My own personal opinion would be if you only get 2000 hrs on rebuild then something was not done correctly, they had stack up issue some where.

I have had work done at local machine shop here and only advice I could give you is don't trust them completely. Re-measure everything when you get it back. Had crankshaft ground down .010'' and they never cut the thrust journal to match oversized bearing. Had to take it back and corrected so we had the proper end play.

Good luck with the project.


----------



## swmnhay (Jun 13, 2008)

Maybe his cheap part supplier is just that cheap.
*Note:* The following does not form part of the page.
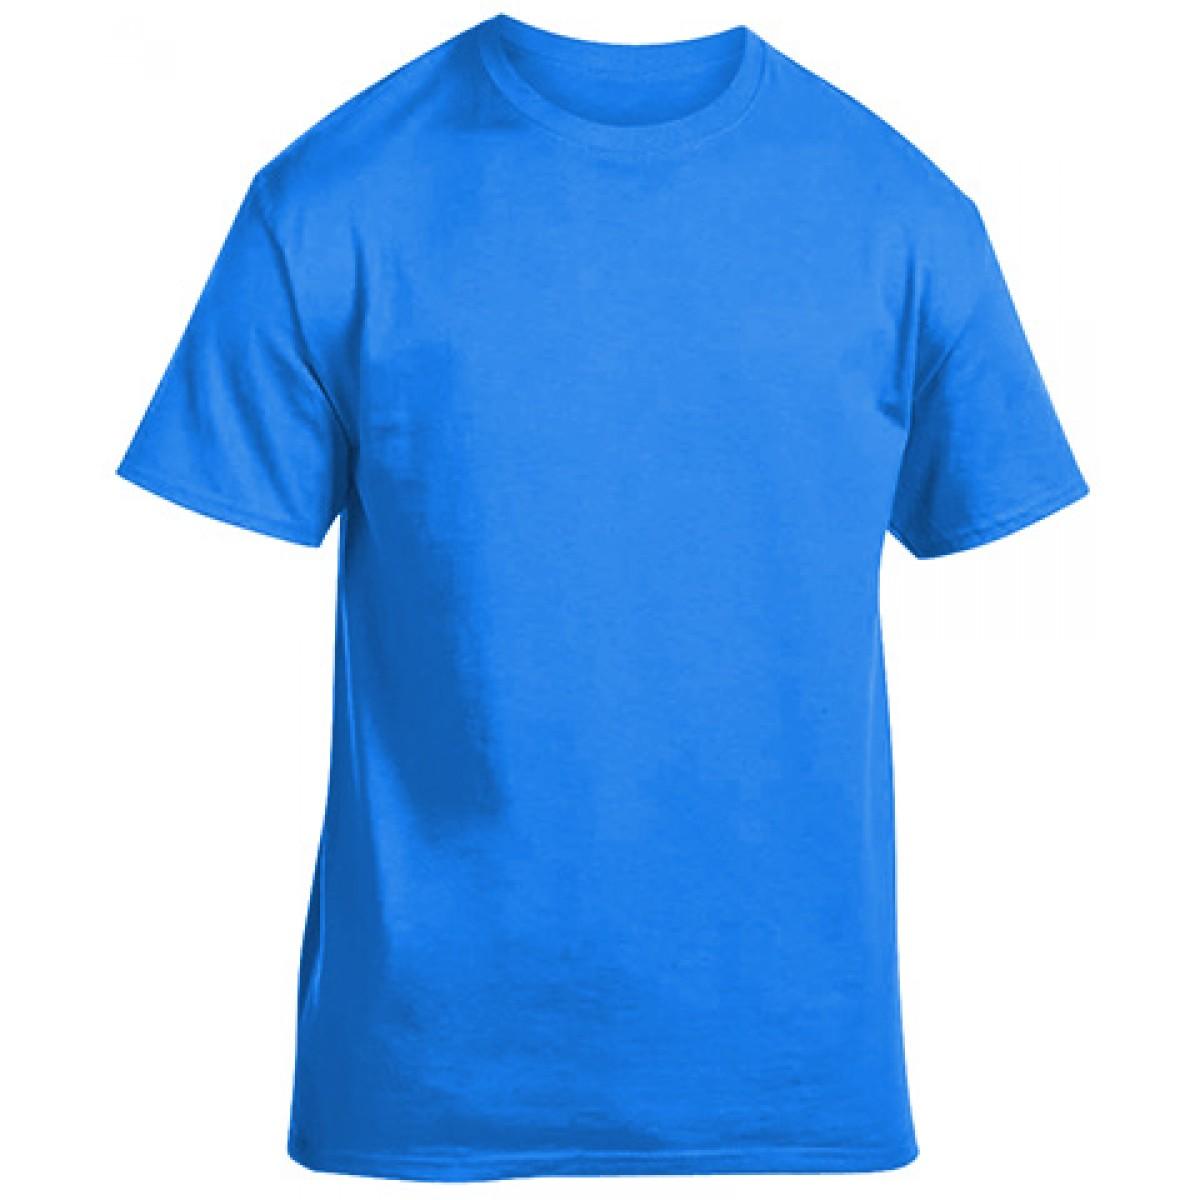 Soft 100% Cotton T-Shirt-Neon Blue-XL

My independent mechanic says there is huge difference in quality of overhaul kits.He's prly overhauled a few thousand Perkins 354's


----------



## stack em up (Mar 7, 2013)

Find that hard to believe about the Perkins. It's very truly feasible with the 2-135/2-155 as they used Hercules engines. Unbelievable torqu but not so great longevity.


----------



## cornshucker (Aug 22, 2011)

Bad service and or bad parts if he is not getting no more hours than that. We have had 2 Perkins 354 engines and one of them left with over 7500 hours and was still going strong no oil usage and still had plenty of power. The other was in a piece of equipment and had the hour meter replaced so do not know how many hours but never did anything but routine service to it. The only knock I have some of the earlier versions would leak some oil but this was cured in the later versions. More low end torque and better fuel economy than a lot of other engines in its class.


----------



## TORCH (Jan 7, 2012)

8350HiTech said:


> Want to clue us in to this secret parts source or are you exhausting it for yourself before you let the cat out of the bag?


Kramer farms Wisconsin Highway 23. 920 526-9915

Small family farm run by the two brothers. Met them both nice guys bought good used parts from them for my White project. Is that holding back?


----------



## AaronQ (Feb 25, 2013)

those 354s were in a ton of different pieces of equipment built by a bunch of different manufacturers, there's a reason why.

they are darn near bullet proof most times, but that said every line has its lemons and maybe he had a 2000 hour lemon.

as far as anything I've seen or owned ive never seen one give up the ghost that soon, our 1069 wagon with the perkins has a little better then 2300 hours on it and its no power house but never says no with a full load of bales and wide open throttle, been that way for 30 years now


----------